Chapter 5. Benchmarking and Tuning

This chapter introduces benchmarking as a fundamental method to measure the performance of a Java application. It also covers the JVM side of performance, discussing how the virtual machine can be made to execute Java faster.

Benchmarking can, and should, be used to regression test an application during development, to ensure that new code modifications do not impact performance. Time and time again during our careers, we have seen unexpected performance regressions crop up from seemingly innocent changes. Continuous, preferably automated, benchmarking is the best way to prevent this from happening. Each software project should have a performance goal and benchmarking is the way to make sure that this goal is achieved.

Once we have discussed the hows and whys of good benchmarks, we will go on to discuss how to draw conclusions from what is measured and when there is a need to change the application or to just reconfigure the JVM by tuning parameters and setup. Tuning will be discussed in general terms, but concrete examples will be JRockit specific.

You will learn the following from this chapter:

  • The relevance of benchmarking an application for finding bottlenecks, in order to avoid regressions and in order to make sure that performance goals for your software are achieved.
  • How to create a benchmark appropriate for a particular problem set. This includes deciding what to measure and making sure that the benchmark actually does that. This also includes correctly extracting core application functionality into a smaller benchmark.
  • How some of the various industry-standard benchmarks for Java work.
  • How to use benchmark results to tune an application and the JVM for increased runtime performance.
  • How to recognize bottlenecks in a Java program and how to avoid them. This includes standard pitfalls, common mistakes, and false optimizations.

    Note

    Throughout this chapter, we will, among other things, discuss the SPEC benchmarks. SPEC (www.spec.org) is a non-profit organization that establishes, maintains, and endorses standardized benchmarks to evaluate performance for the newest generation of computing systems. Product and service names mentioned within this chapter are SPEC's intellectual property and are protected by trademarks and service marks.

Reasons for benchmarking

Benchmarking is always needed in a complex environment. There are several reasons for benchmarking, for example making sure that an application is actually usable in the real world or to detect and avoid performance regressions when new code is checked in. Benchmarking can also help optimize a complex application by breaking it down into more manageable problem domains (specialized benchmarks) that are easier to optimize. Finally, benchmarking should not be underestimated as a tool for marketing purposes.

Performance goals

Benchmarking is relevant in software development on all levels, from OEM or Java Virtual Machine vendors to developers of standalone Java applications. It is too often the case in software development that while the functionality goals of an application are well specified, no performance goals are defined at all. Without performance goals and benchmarks in place to track the progress of those goals, the end result may be stable but completely unusable. During our careers we have seen this many times, including during the development of business critical systems. If a critical performance issue is discovered too late in the development cycle, the entire application may need to be scrapped.

Note

Performance benchmarking needs to be a fundamental part of any software development process—set a performance goal, create benchmarks for it, examine the benchmarking results, tune the application, and repeat until done.

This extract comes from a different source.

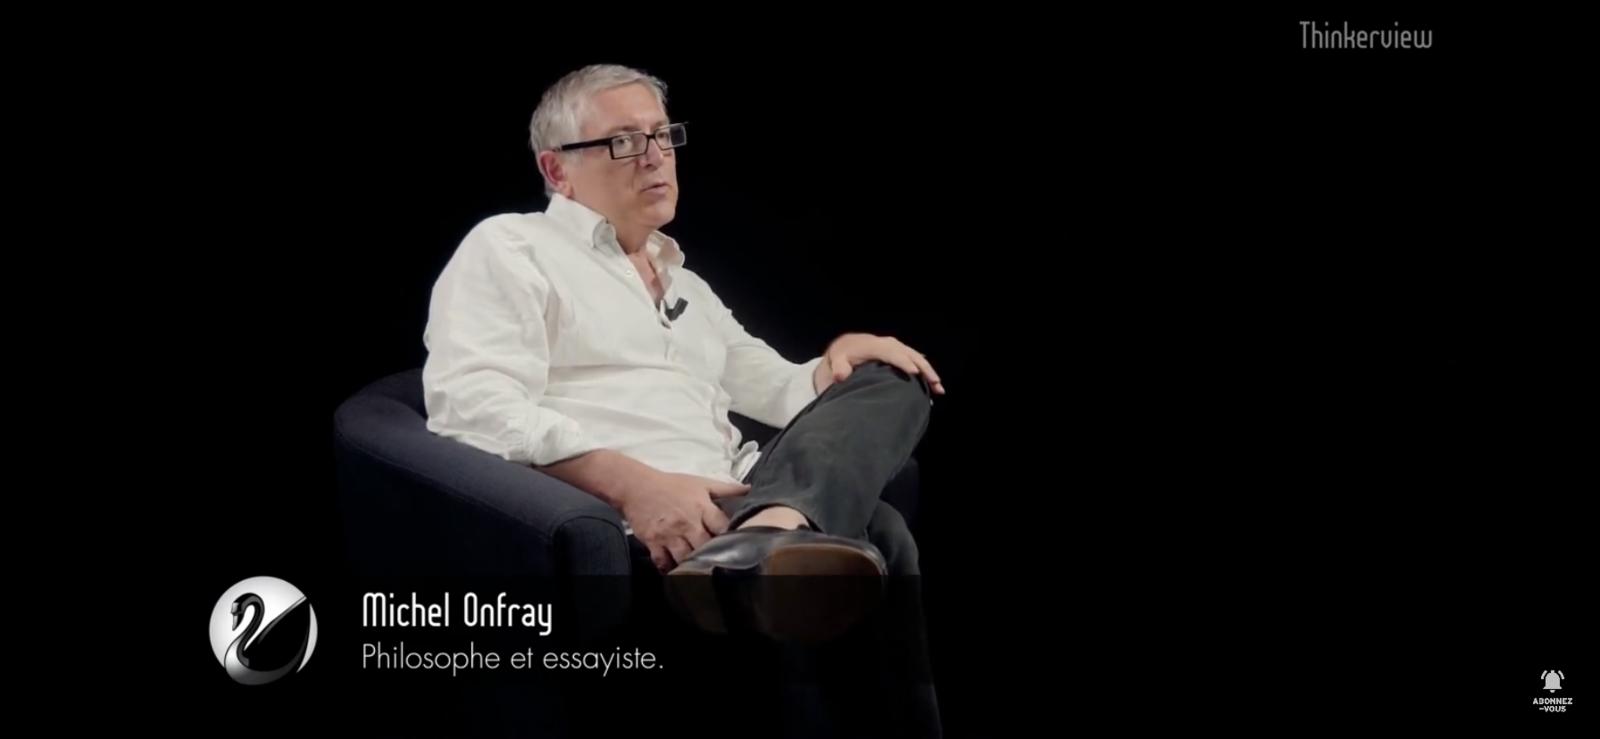 Michel Onfray - où en est la France (Thinkerview) - 19.07.2020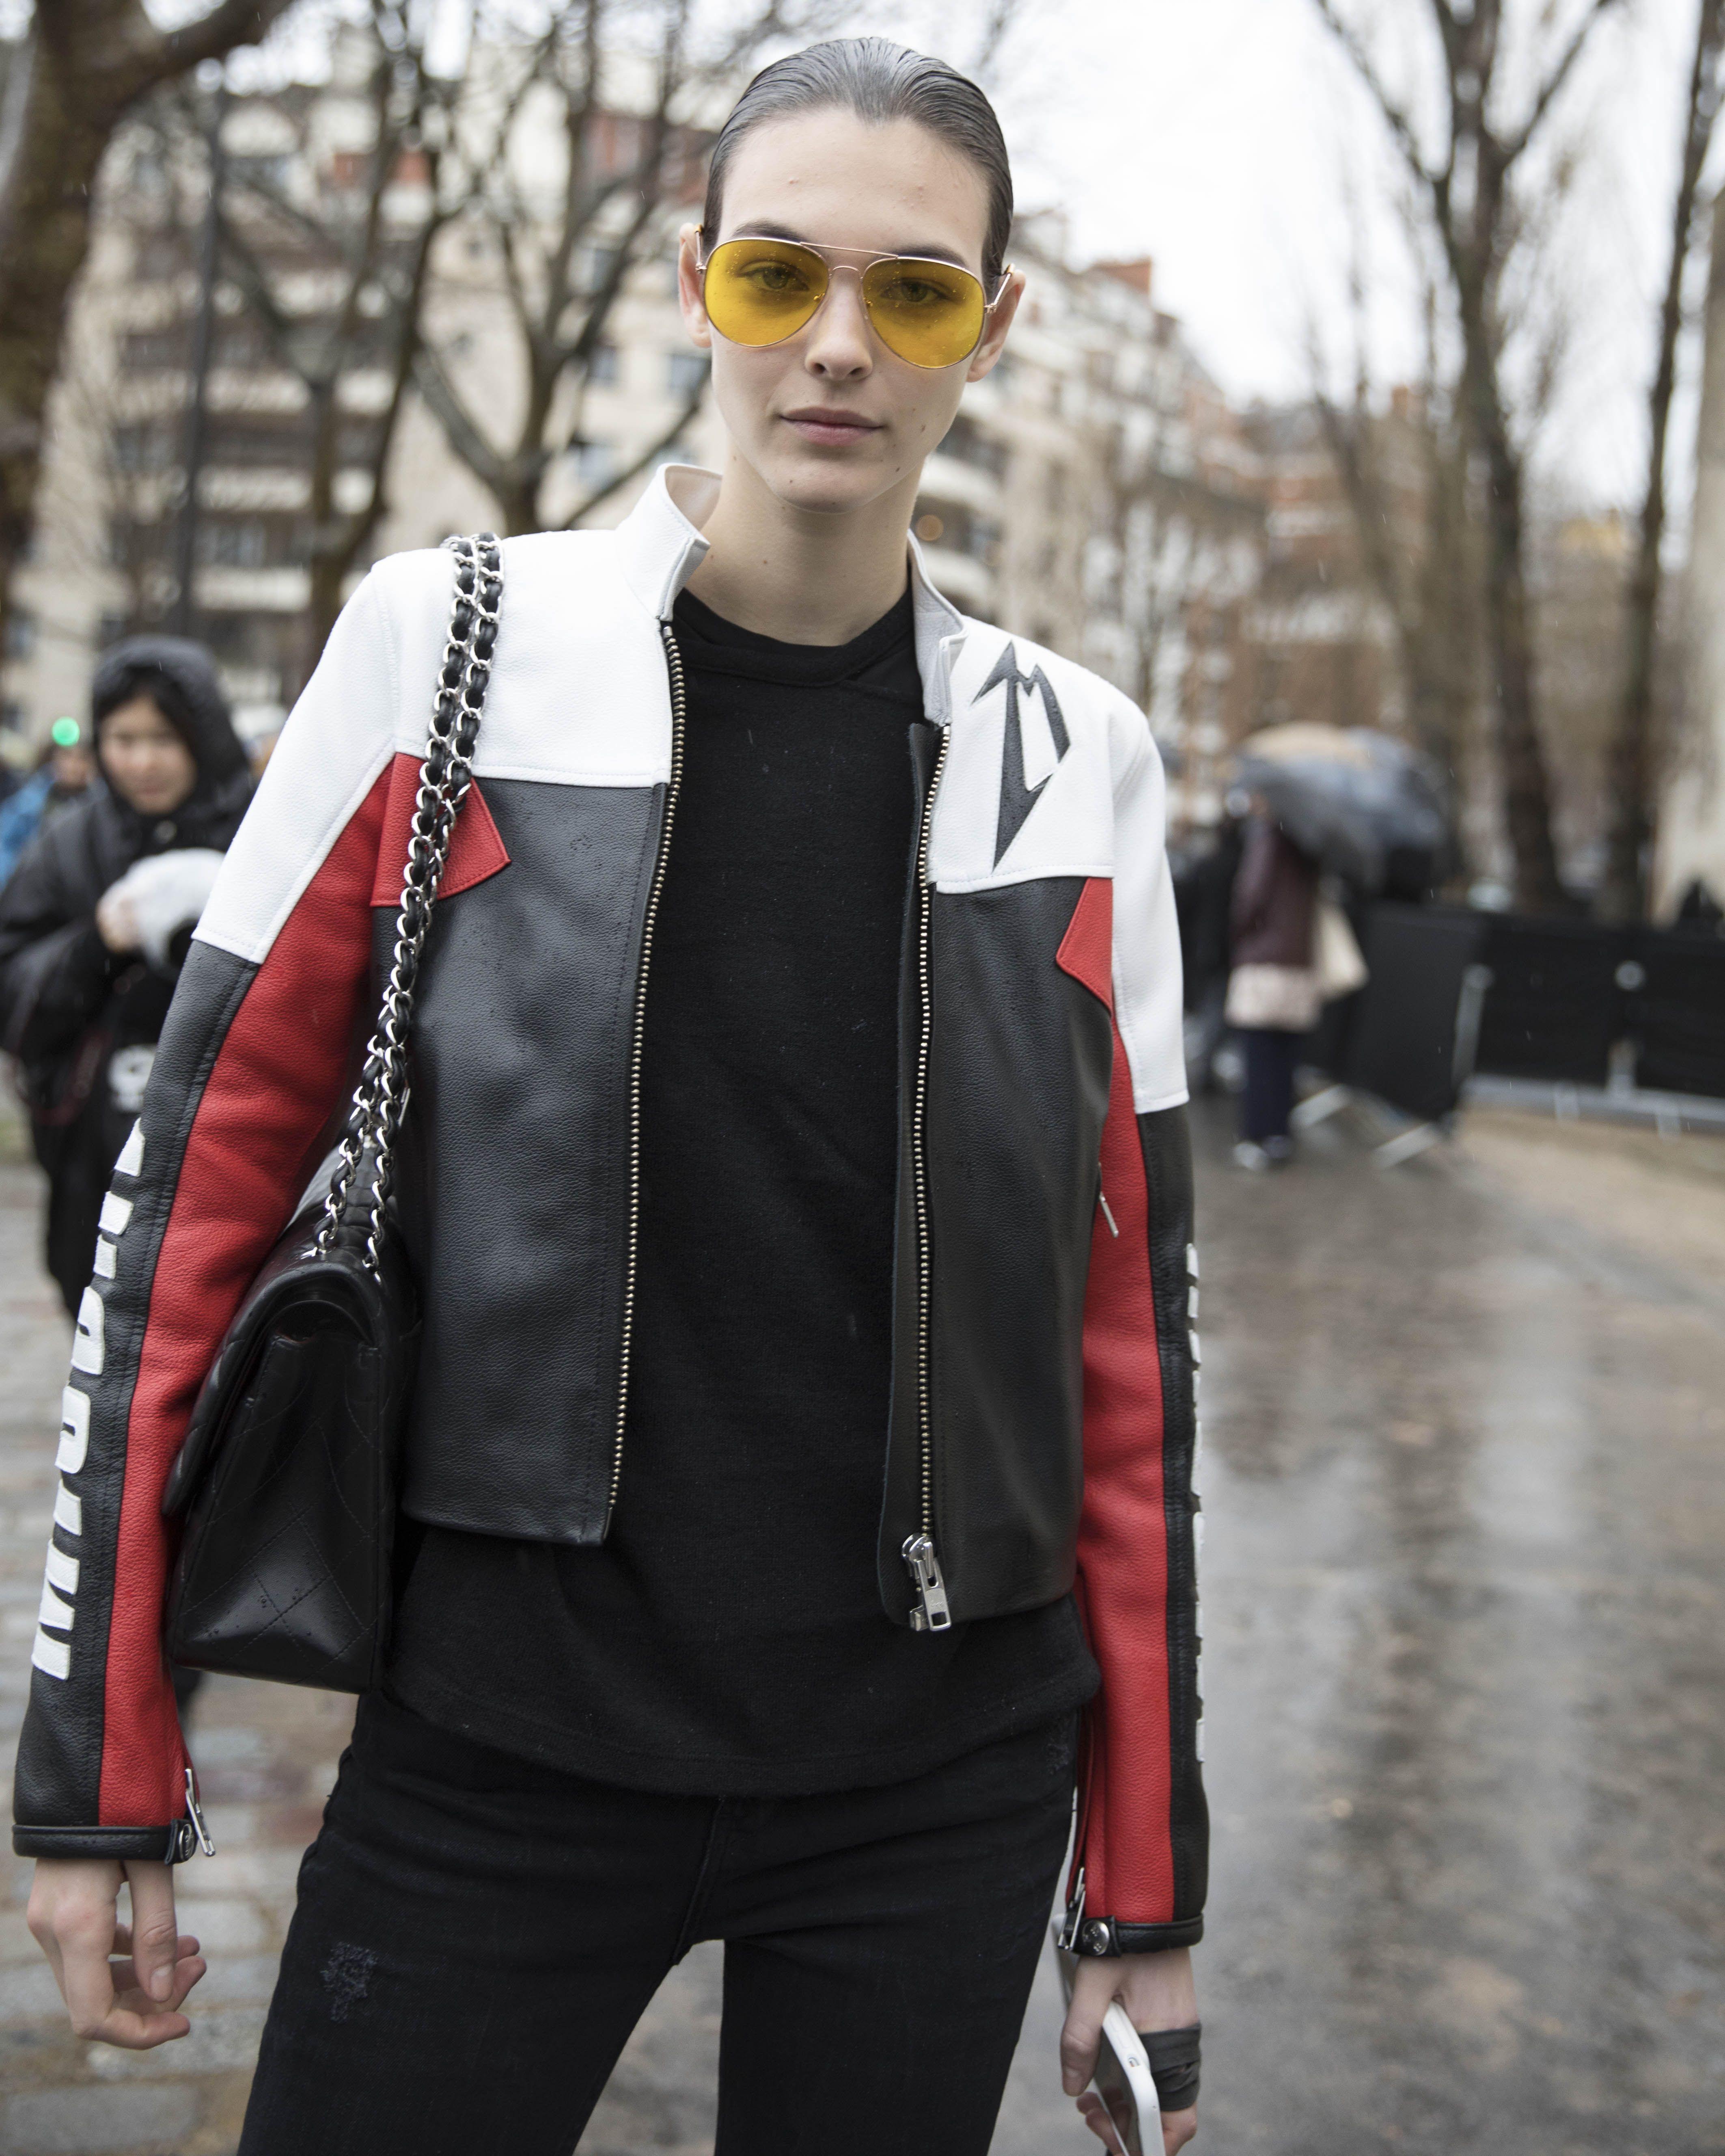 Street style, PFW, inverno 2018: dia 5 - Vogue | Streetstyle

Typically, in order to avoid these kinds of embarrassments, performance must be a fundamental requirement of a system throughout the entire software development process, and it needs to be verified with regular benchmarking. The importance of application performance should never be underestimated. Inadequate performance should be treated as any other bug.

Performance regression testing

An application that is developed without a good Quality Assurance (QA) infrastructure in place from day one is likely to be prone to bugs and instabilities. More specifically, an application without good functional unit tests that run whenever new code is checked in, is likely to break, no matter how well the new code has been reviewed. This is conventional wisdom in software engineering.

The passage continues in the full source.